Indirect evidence of unhappiness is equally hard to gather, since so
many potential proxies, such as drug abuse and wife-beating, are hushed
up. Nonetheless, for what it is worth, when your correspondent asked Ms
Woolum and three of her local social-worker colleagues to share their
life stories, those stories shared a common thread.

AP

All four women had been beaten by husbands or boyfriends, most of
whom had problems with drink or drugs. One recalls being knelt on so
that her arms were pinned to the floor and punched repeatedly in the
face. Another says she was stabbed. Without excusing the abuse, the
women assume that it had something to do with their menfolk’s sense of
frustration at the poor hand life had dealt them. As the last of the
quartet puts it: “He wasn’t happy. We got hit.”

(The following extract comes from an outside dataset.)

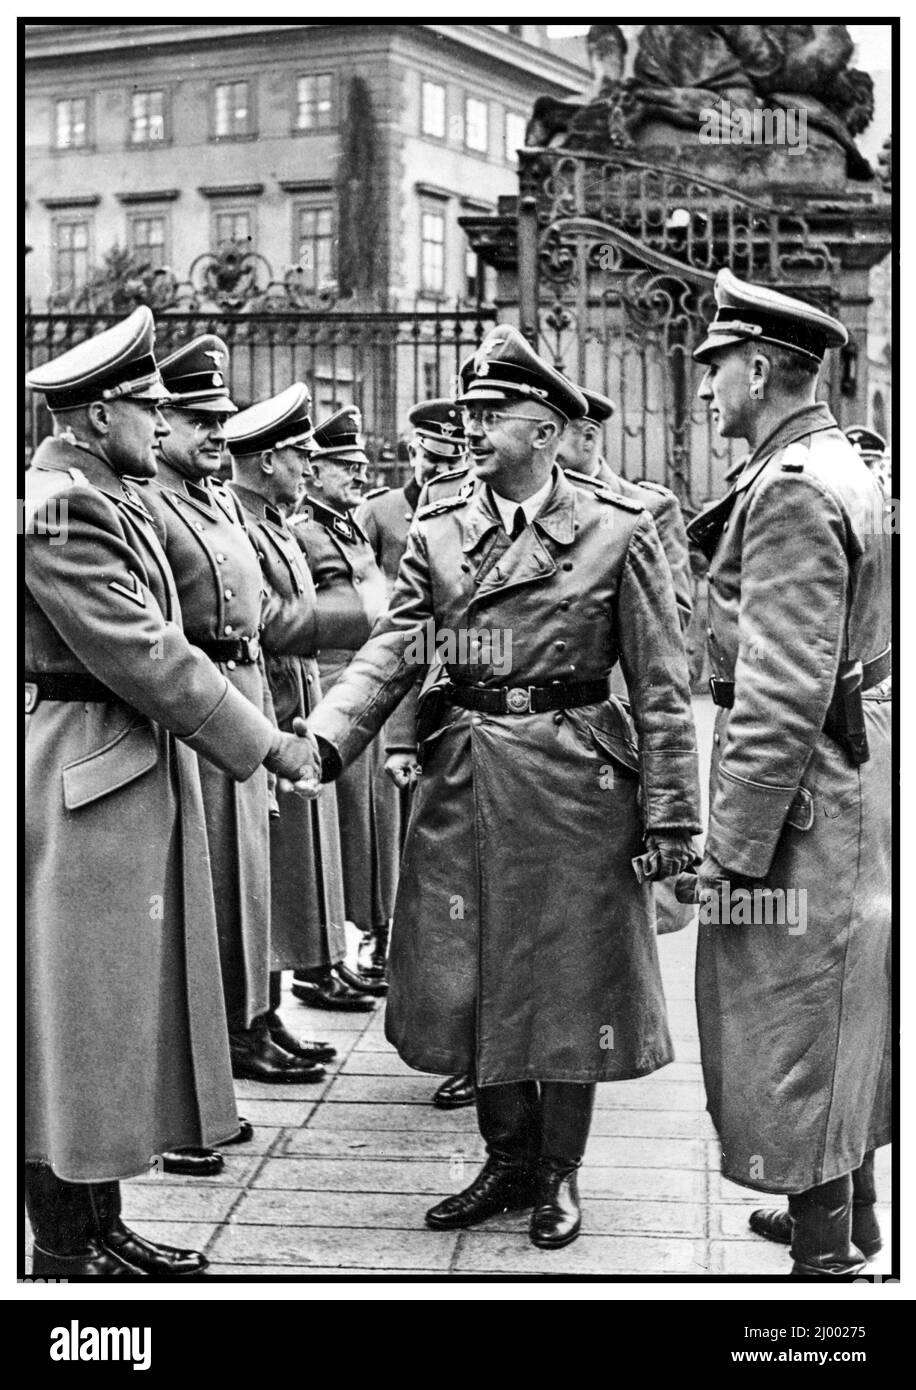 Reinhard Heydrich 1941 – le commandant du Bureau principal de la sécurité de Reich (RSHA), gouverneur par intérim du protectorat de Bohême et Moravie, et un architecte principal de l'Holocauste avec Heinrich Luitpold Himmler Reichsführer du Schutzstaffel, et membre principal du Parti nazi d'Allemagne. Photographié à Prague, la Tchécoslovaquie rencontre des officiers nazis sous le commandement de Heydrich Banque D'Images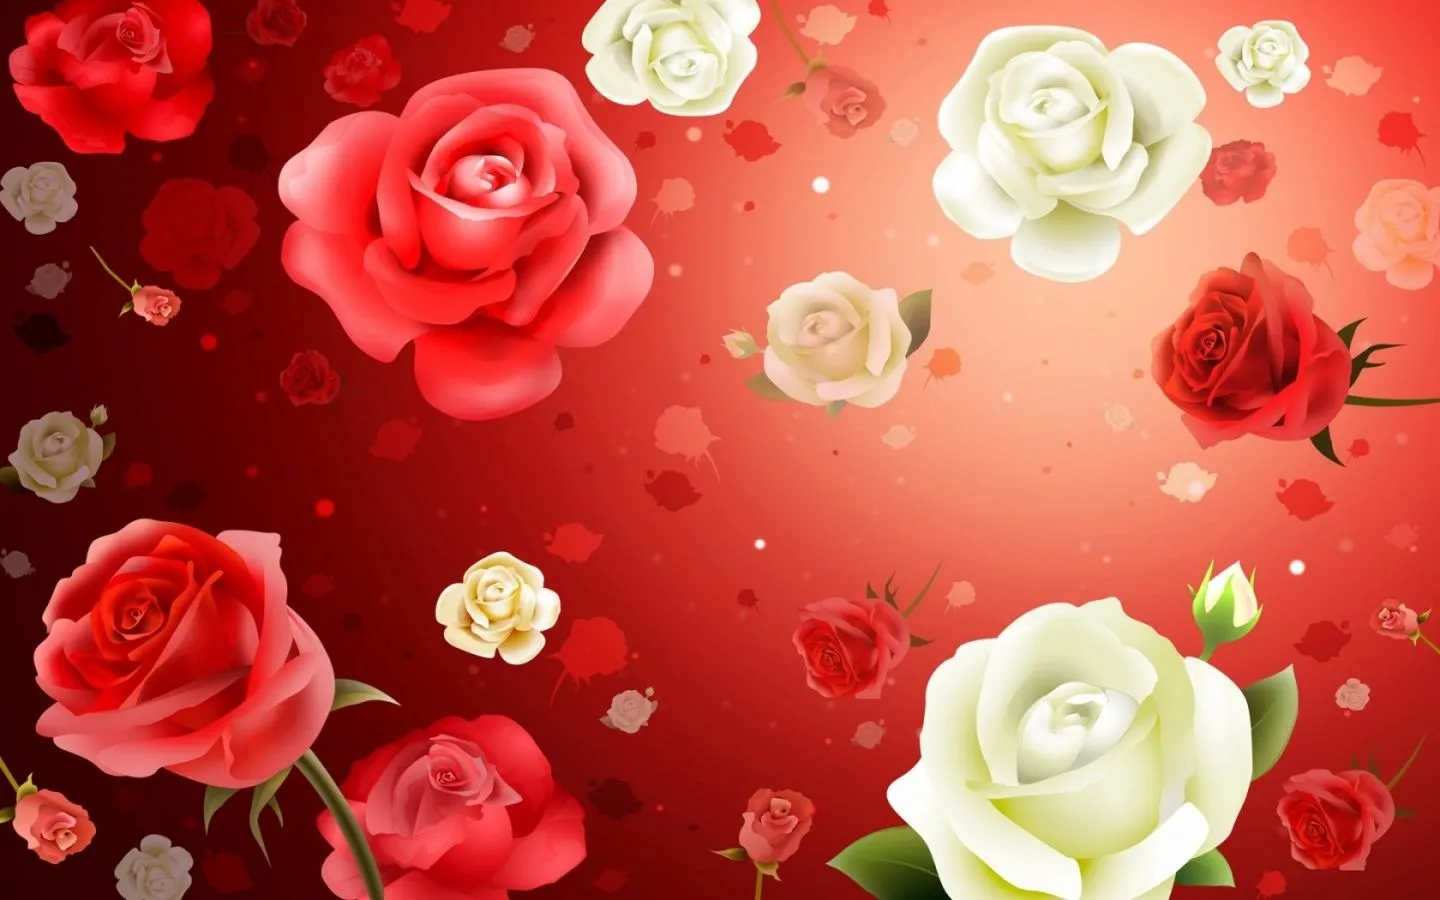 Fotos de flores rosas paisajes para fondos de pantalla - Imagui

Happily, all four have escaped their abusers. Ms Woolum reckons that
the welfare reforms of the 1990s have, indirectly, made local women
more assertive. “Welfare is more demanding. [To receive it], women have
to get out and work, so we’re getting out into a different
environment.” This, she argues, fosters self-reliance and self-respect,
so “Women don’t take it as much now.”

The personal is political

Both Dr Kabamba and Mr Banks feel bitter about the state of politics
in their respective countries. Dr Kabamba resents the fact that Congo
is run by a mob of unelected thieves and warlords, who for the most
part only pretend to care about good governance so they can continue
milking western donors. The country was promised an election by June
this year, but the ruling class somehow never got around to organising
it. They now promise to have one next year—they held a constitutional
referendum this month—but Dr Kabamba is not holding his breath. He
takes such a dim view of the probity of Congolese politicians that he
once turned down a job in the cabinet. In his spare time, he is the
leader of one of Congo’s many opposition parties, but no one is tipping
him to be the next president. He is neither rich nor ruthless enough.

Mr Banks, for his part, expresses an intense dislike of President
George Bush. “If someone shoots that sonofabitch, I’ll celebrate,” he
says. Some of his complaints echo those of the coastal
intelligentsia—he thinks the president should create more manufacturing
jobs, for example. But some of his gripes are of the sort rarely aired
in the New York Times.

For example, he berates Mr Bush for allowing too many foreign
doctors into the country. In eastern Kentucky, as in Congo, those with
marketable skills often leave as soon as they graduate. Unlike Congo,
however, Kentucky can attract doctors from poorer parts of the world,
such as South Asia. Mr Banks does not think much of these immigrant
medics. He fears they may give him the wrong medicine, perhaps
deliberately, and threatens to “shoot them plumb between the eyes” if
they try. He is not serious about this threat, one assumes, but his
sense of grievance is no less real for being incoherent.

The point of this article is neither to mock Mr Banks nor to praise
Dr Kabamba. Both have their virtues and flaws, and your correspondent
cannot reliably judge which is the happier. But here are two concluding
observations. First, if poor Americans were to compare their standard
of living with what is normal elsewhere in the world, let alone in
Congo, they would see they have little cause for discontent. Then
again, were Americans not so incurably discontented with their lot,
their great country would not be half as dynamic as it is.